La palabra "deseo" está bien para ese contexto, allí significa "voluntad" y podría quizás utilizarse este último sustantivo si te parece más atinado.

_Etnia se inscribe por (la) voluntad del padre_ 
El artículo "la" puede suprimirse.

Voy a arriesgar una traducción al portugués y que algún nativo, si fuere necesario, la corrija o sugiera mejores posibilidades (las habrá, seguro):

_Étnia inscreve-se pela vontade do pai_

Qué te parece?


----------



## WhoSoyEu

airosa said:


> Etnia (inscreve-se pelo desejo do pai).


 
Entiendo que la etnia es colocada según determine el padre de la criatura, y es eso que procura dejar claro el documento.

Si mi razonamiento es correcto yo lo traduciría como "Etnia: conforme indicado pelo pai"


----------



## Ivonne do Tango

Hice una _bagunça_. Igualmente no comprendo! La etnia es indicada por el padre?


----------



## Carfer

airosa said:


> ¿No sería mejor decir "_indica-se_"? En realidad dudo de toda la frase. ¿La palabra "d_esejo_" se inscribe bien en un documento oficial?


 
Não, porque se trata dum termo jurídico e no direito exige-se uma maior precisão da linguagem. No registo, regista-se. Também poderia utilizar outros termos comuns no direito como _'Faz-se constar', 'consigna-se'_. Note, no entanto, que na linguagem corrente não haveria nada a opor. '_Indicar_' pode significar '_dar a conhecer_' ou '_mencionar_' (este último, num texto jurídico, até nem estaria completamente deslocado). O mesmo sucede com '_desejo_'. Na linguagem corrente pode significar '_vontade_', mas _'desejo_' é mais fraco do que '_vontade_', no sentido de que desejo é algo a que aspiramos, que se pode (ou que podemos) concretizar ou não, ao passo que, neste caso, houve uma manifestação clara e concreta de vontade do declarante. Foi isso que ele quis, não apenas o que desejou. '_Desejo_' não é, efectivamente, muito adequado a um documento oficial, a menos que o que se queira consignar seja, realmente, que a pessoa manifestou apenas um desejo e não uma vontade


----------



## Carfer

Ivonne do Tango said:


> Hice una _bagunça_. Igualmente no comprendo! La etnia es indicada por el padre?


 
Acho que o que quer dizer, Ivone, é que a etnia só é registada porque o pai assim o quis, doutra forma não o seria. De facto, em muitos países e em Portugal também, a etnia (ou, como antigamente se dizia, a '_raça_') até já nem consta dos documentos oficiais. Julgo mesmo que, actualmente, só nos censos da população ainda se faz a pergunta e não garanto que no próximo, em 2011, ainda lá conste.


----------



## Ivonne do Tango

Disculpem pela bagunça, realmente estava totalmente fora de contexto o que compreendi, acredito que seja porque aqui não se registra (nem sequer por vontade) a etnia dum filho.  Quando registrei o meu, apresentei os documentos requeridos e me perguntaram que nome seria, e pronto.

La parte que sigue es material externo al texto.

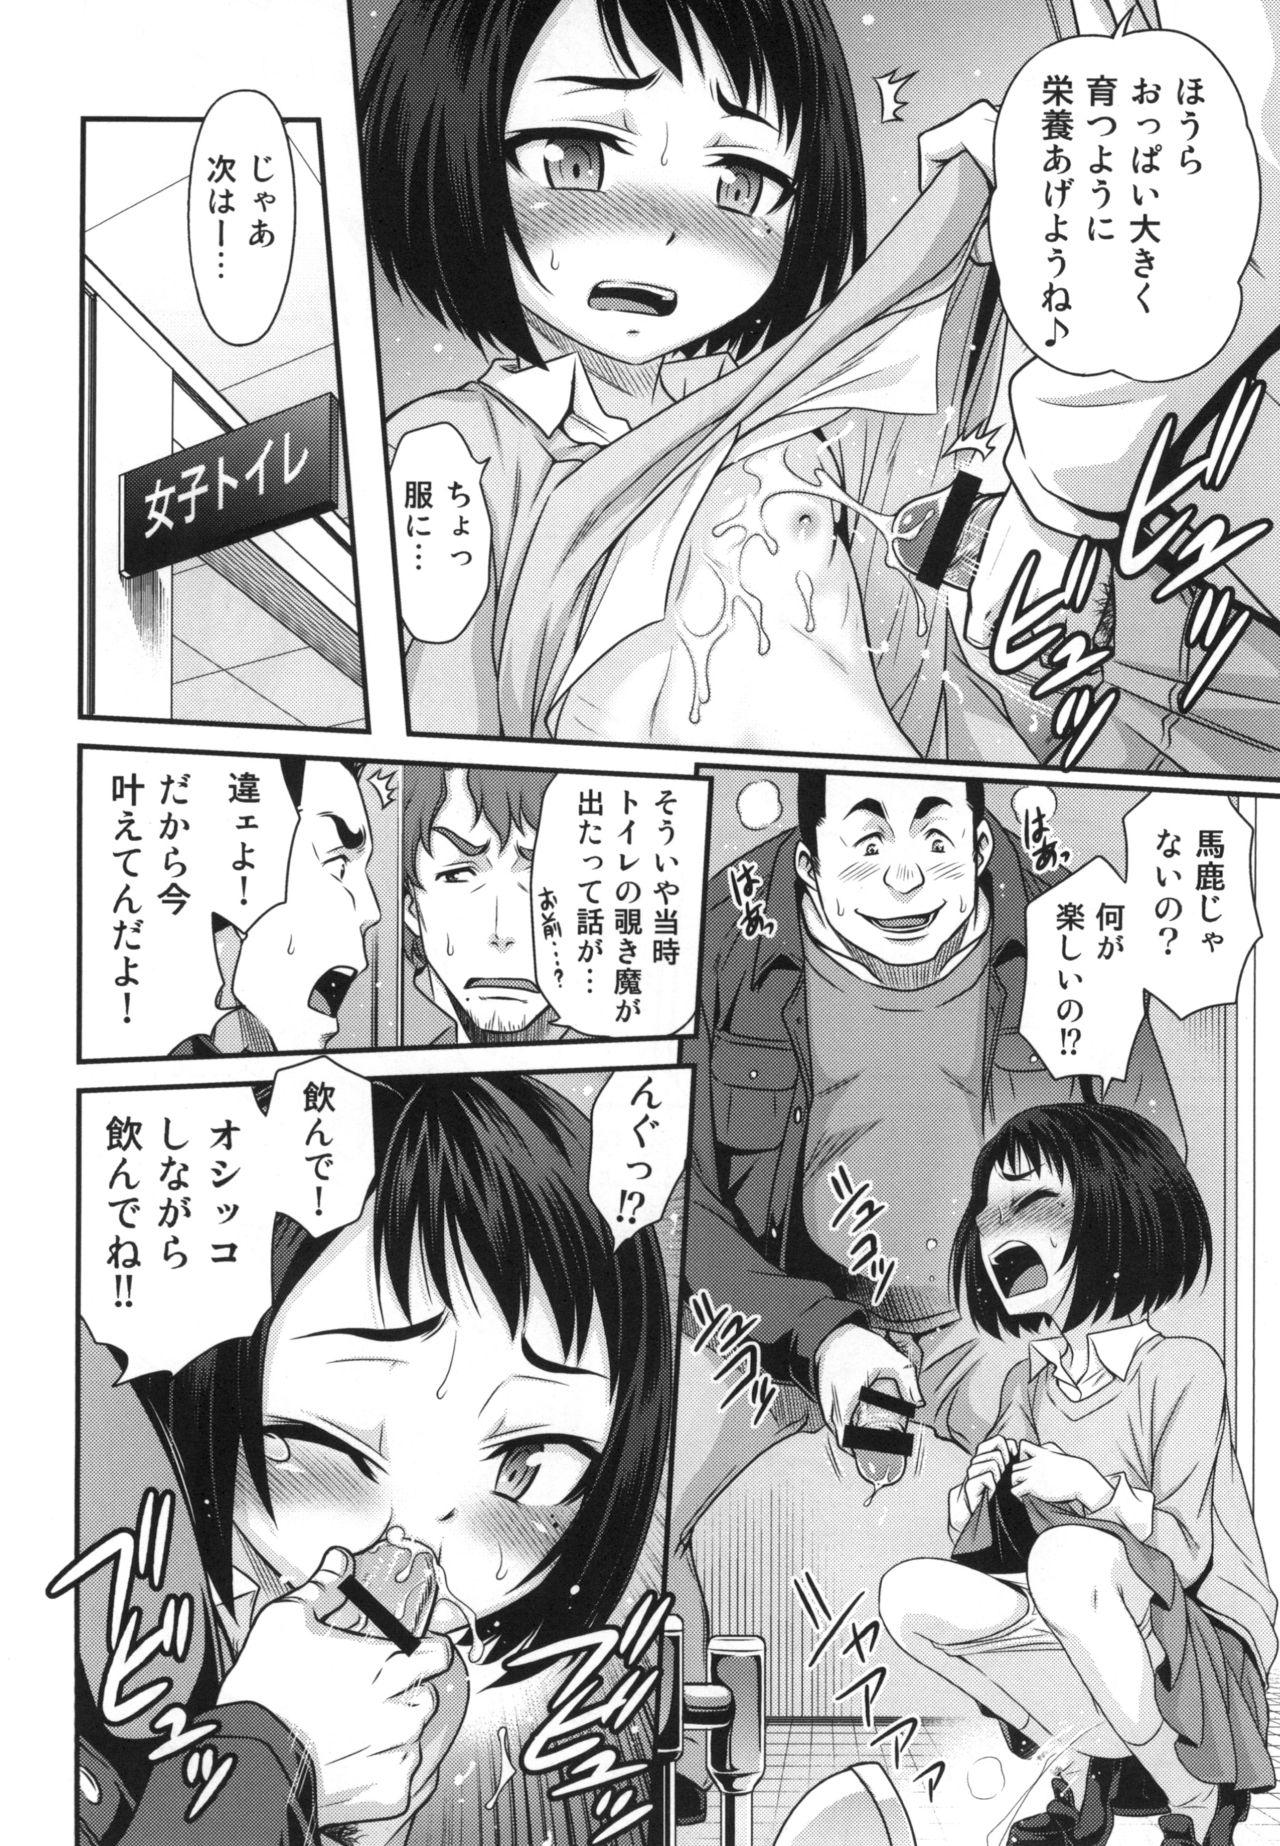 Food Erika no ChupaChupa Quest!! - Sakura quest Throat - Page 12

Quando estejam tristes, podem reler toda essa resposta que lhe dei à Airosa (e vão ficar mortos de tanto rir), supondo Etnia como nome próprio (não vou apagá-la).

Obrigada


----------



## WhoSoyEu

No Brasil, etnia está em alta, graças aos favorecimentos oficiais às etnias desvalidas, como por exemplo, com favorecimento no ingresso à Universidade. E quem designa a etnia a que pertence é a própria pessoa, baseada quase sempre na cor da pele, senão por interesse nas facilidades de ingresso ao terceiro grau. 
Mas houve um estudo interessante com o DNA de alguns "famosos". Com base nesse estudo os médicos chegaram à conclusão que Neguinho da Beija Flor, sambista bem escuro, tem 85% de sangue europeu.


----------



## airosa

Muito obrigada a todos.

Depois de analisar suas respostas, decidi optar por "etnia (regista-se conforme a vontade do pai)". Que lhes parece?

No creo que seja o mesmo que raça. No caso de nosso país é antes de tudo uma comunidade que tem e conserva sua propria língua e cultura.


----------



## WhoSoyEu

O conceito moderno é o de "raça humana", já que os poucos sinais exteriores que diferenciam as pessoas não caracterizam raças diferentes, ao contrário dos animais (vide o exemplo do chihuahua e do dinamarquês entre os cachorros).


----------



## Carfer

airosa said:


> Muito obrigada a todos.
> 
> Depois de analisar suas respostas, decidi optar por "etnia (regista-se conforme a vontade do pai)". Que lhes parece?.


 
Parece-me bem.



airosa said:


> No creo que seja o mesmo que raça. No caso de nosso país é antes de tudo uma comunidade que tem e conserva sua propria língua e cultura.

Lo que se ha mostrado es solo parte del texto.